Anyone who knows me knows I have a low tolerance for nonsense.  I can’t take hype and I can’t take things that become “true” just because they’re said over and over again even though they’re, you know, not true.  This is why I am so annoyed by wind chill.  It’s just 18 degrees today and that’s plenty cold without any other nonsense attached to it.

I remember being a kid and hearing the temperature.  Adults would say things like, “Take some gloves, it’s 30 degrees outside.”  They never said, “It’s 30 degrees but it feels like 18.”  That’s because wind chill hadn’t been invented yet, at least not for the masses.

Here’s how we know “wind chill” is bullshit: if it is 35 degrees but the wind chill makes it “feel like” 20 degrees, will water freeze?  Ummm… no.  That’s because water doesn’t “feel like” it’s freezing.  It either freezes or it doesn’t.  And it only freezes when the actual temperature is below freezing.

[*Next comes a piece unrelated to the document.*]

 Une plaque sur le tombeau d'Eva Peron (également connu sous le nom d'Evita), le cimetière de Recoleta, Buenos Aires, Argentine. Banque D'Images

Wind chill was devised by Antarctic explorers Siple and Passel in the 1940s to account for how wind makes cold feel, well, colder.  And it does.  Wind also makes the human body lose moisture faster, never a good thing when you’re out in freezing temperatures.  I am by no means advocating that you go out in the snow in a bikini.  All I’m saying is let’s deal in reality, people.  Wind chill also doesn’t take into account clothing, body heat, sunshine and exercise.  Siple and Passel used a plastic tube with water inside to draw their conclusions, not a great substitute for the human body.  Oh, and by the way, wind chill has never been scientifically verified as a real thing.

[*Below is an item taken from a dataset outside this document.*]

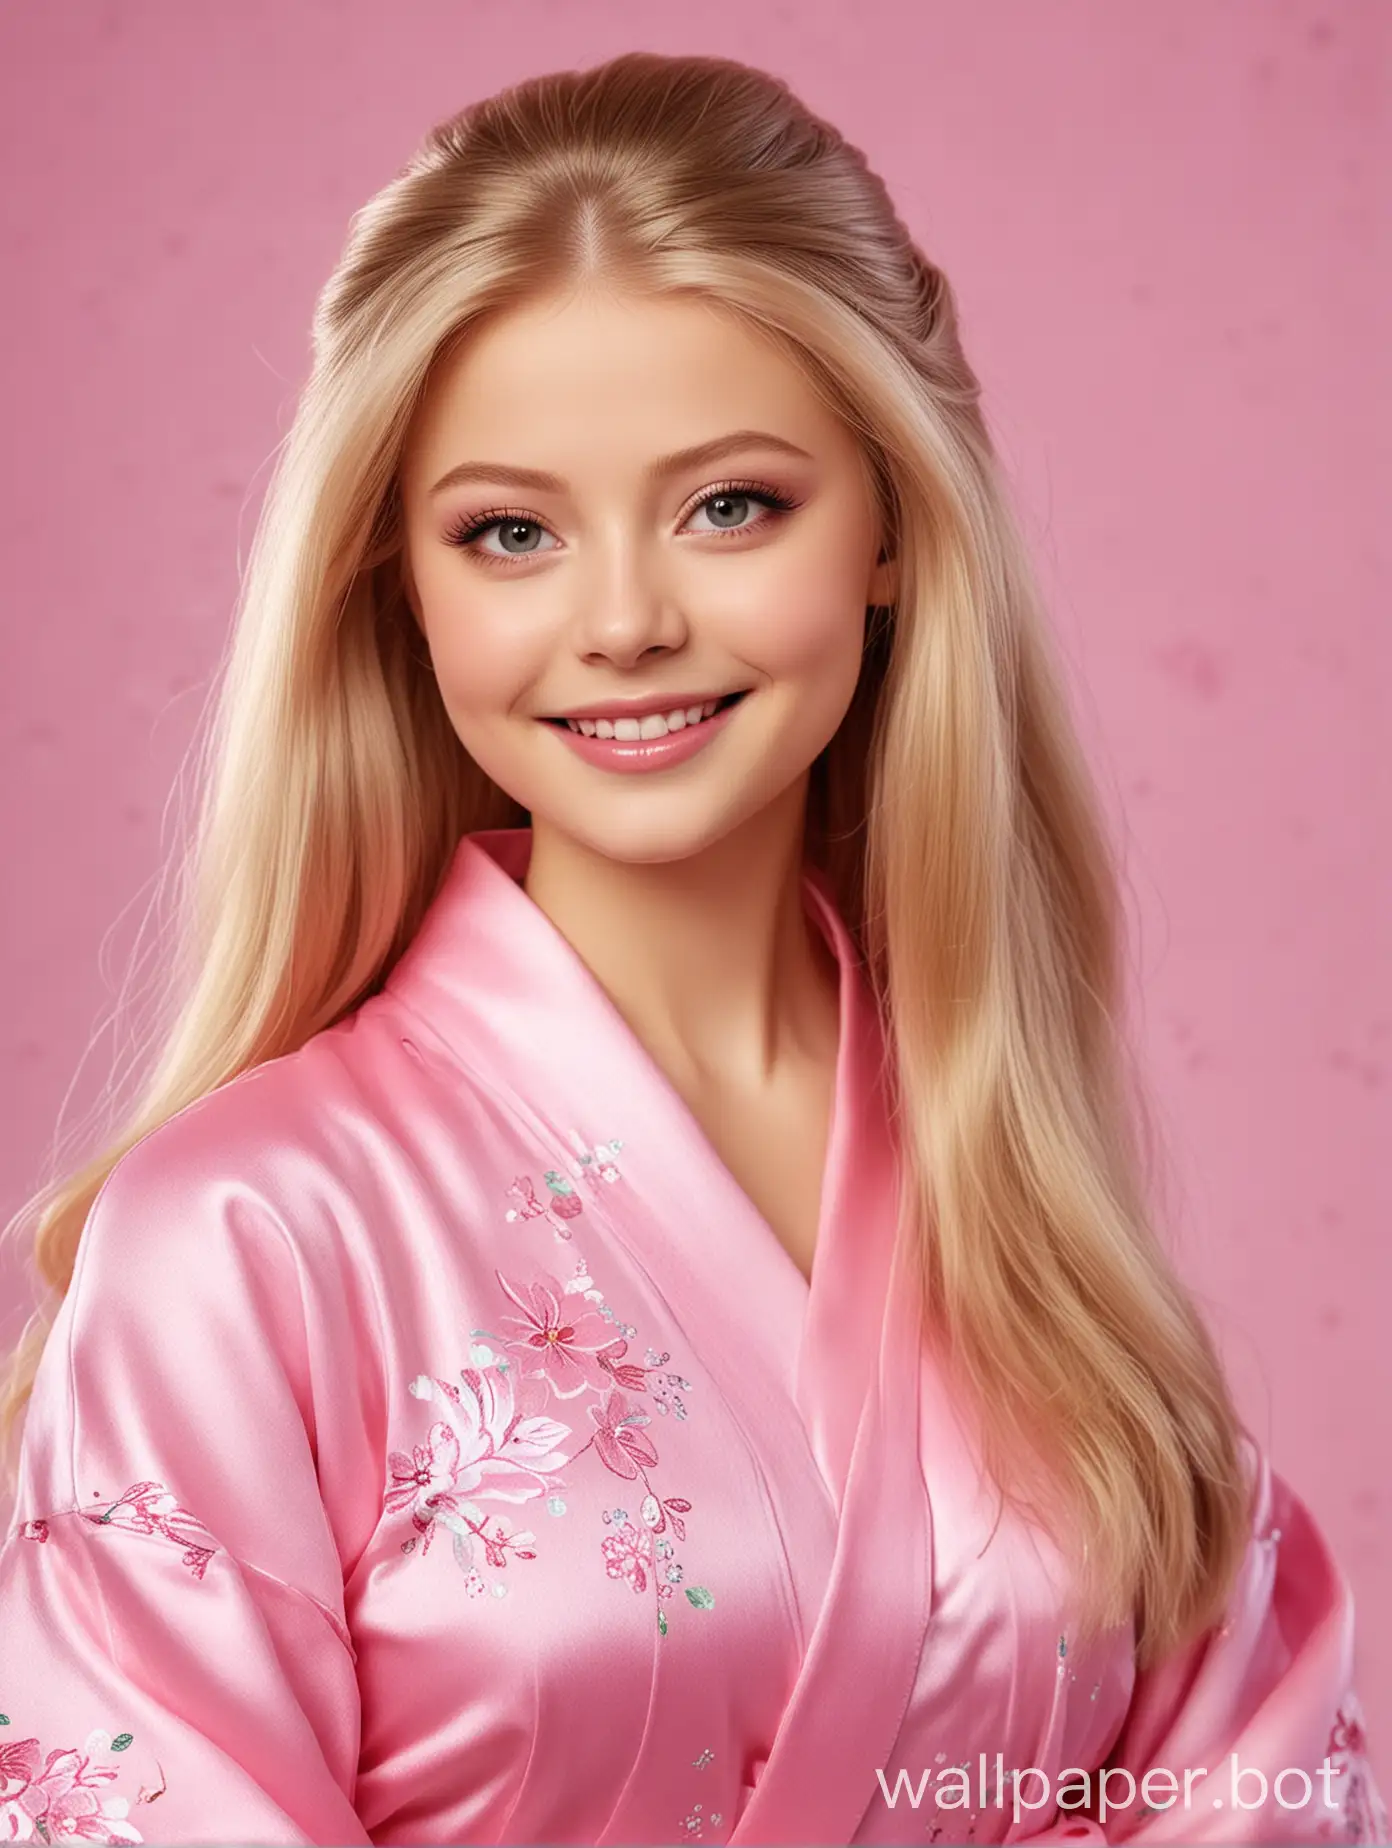 Юлия Липницкая в образе Барби с длинными шелковистыми волосами в розовом шелковом халате улыбается

I know it sounds much more dramatic to say it’s 20 degrees but it “feels like” 0.  That’s how “wind chill” got popular.  It gained traction as a concept during “Ice Bowl” Championship Game between the Dallas Cowboys and the Green Bay Packers in Green Bay in 1967.  With a game-time temperature of -13F and a wind chill factor of -48F , it was the second coldest pro football game ever played.  (By the way, the original “wind chill” has since been recalculated, and according to the modern measurement that game would have been played in -36F.  Still cold, but… well, just goes to show you how subjective “wind chill” really is).  That would explain why, when I was a kid in the 1970s, wind chill was still not really a “thing.”  But now, when you listen to the news you barely hear the real temperature and everyone carries on about how it “feels” outside.

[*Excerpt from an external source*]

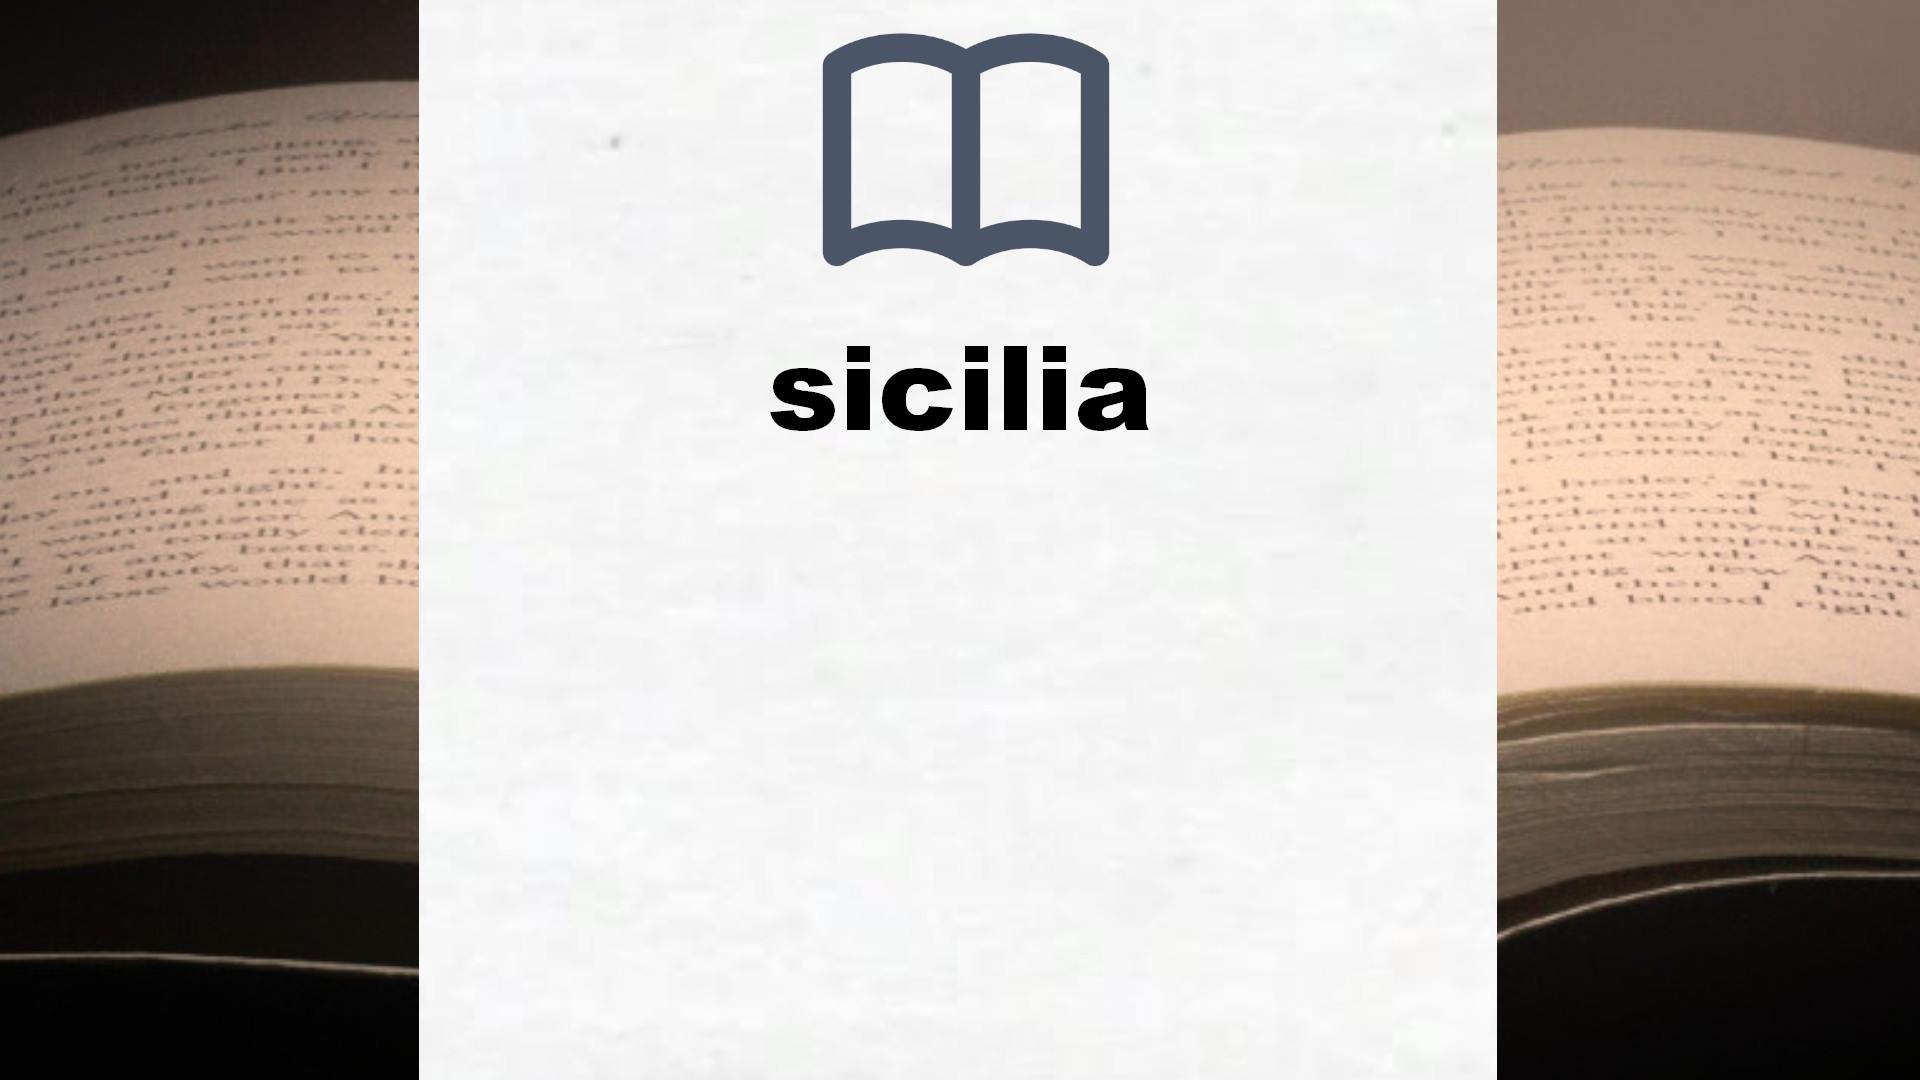 Libros sobre sicilia

Why?  I guess it’s as old as humanity itself: we have a penchant for hyperbole and drama.

So what’s the harm?  None, I suppose, unless you want to deal in facts and not exaggeration.  What bothers me about “wind chill” and the new habit of naming winter storms (more to come on that) is that it’s just hype by weather channels that want weather to sound more ominous and interesting so that we’ll tune in more frequently.  And by desensitizing us to the severity and rarity of the real 18 degrees, perhaps they are making us a little less prepared for when the real 18 degrees hits.

So when we tell each other it’s 30 degrees but it feels like 18, we are perpetuating the culture of “oh my, isn’t the weather catastrophic.”  And the only people who benefit from that are the people over at the Weather Channel.

So, where I am it is currently 18 degrees.  But it feels like 70 because I’m watching it from a warm and toasty house.  And that’s glorious.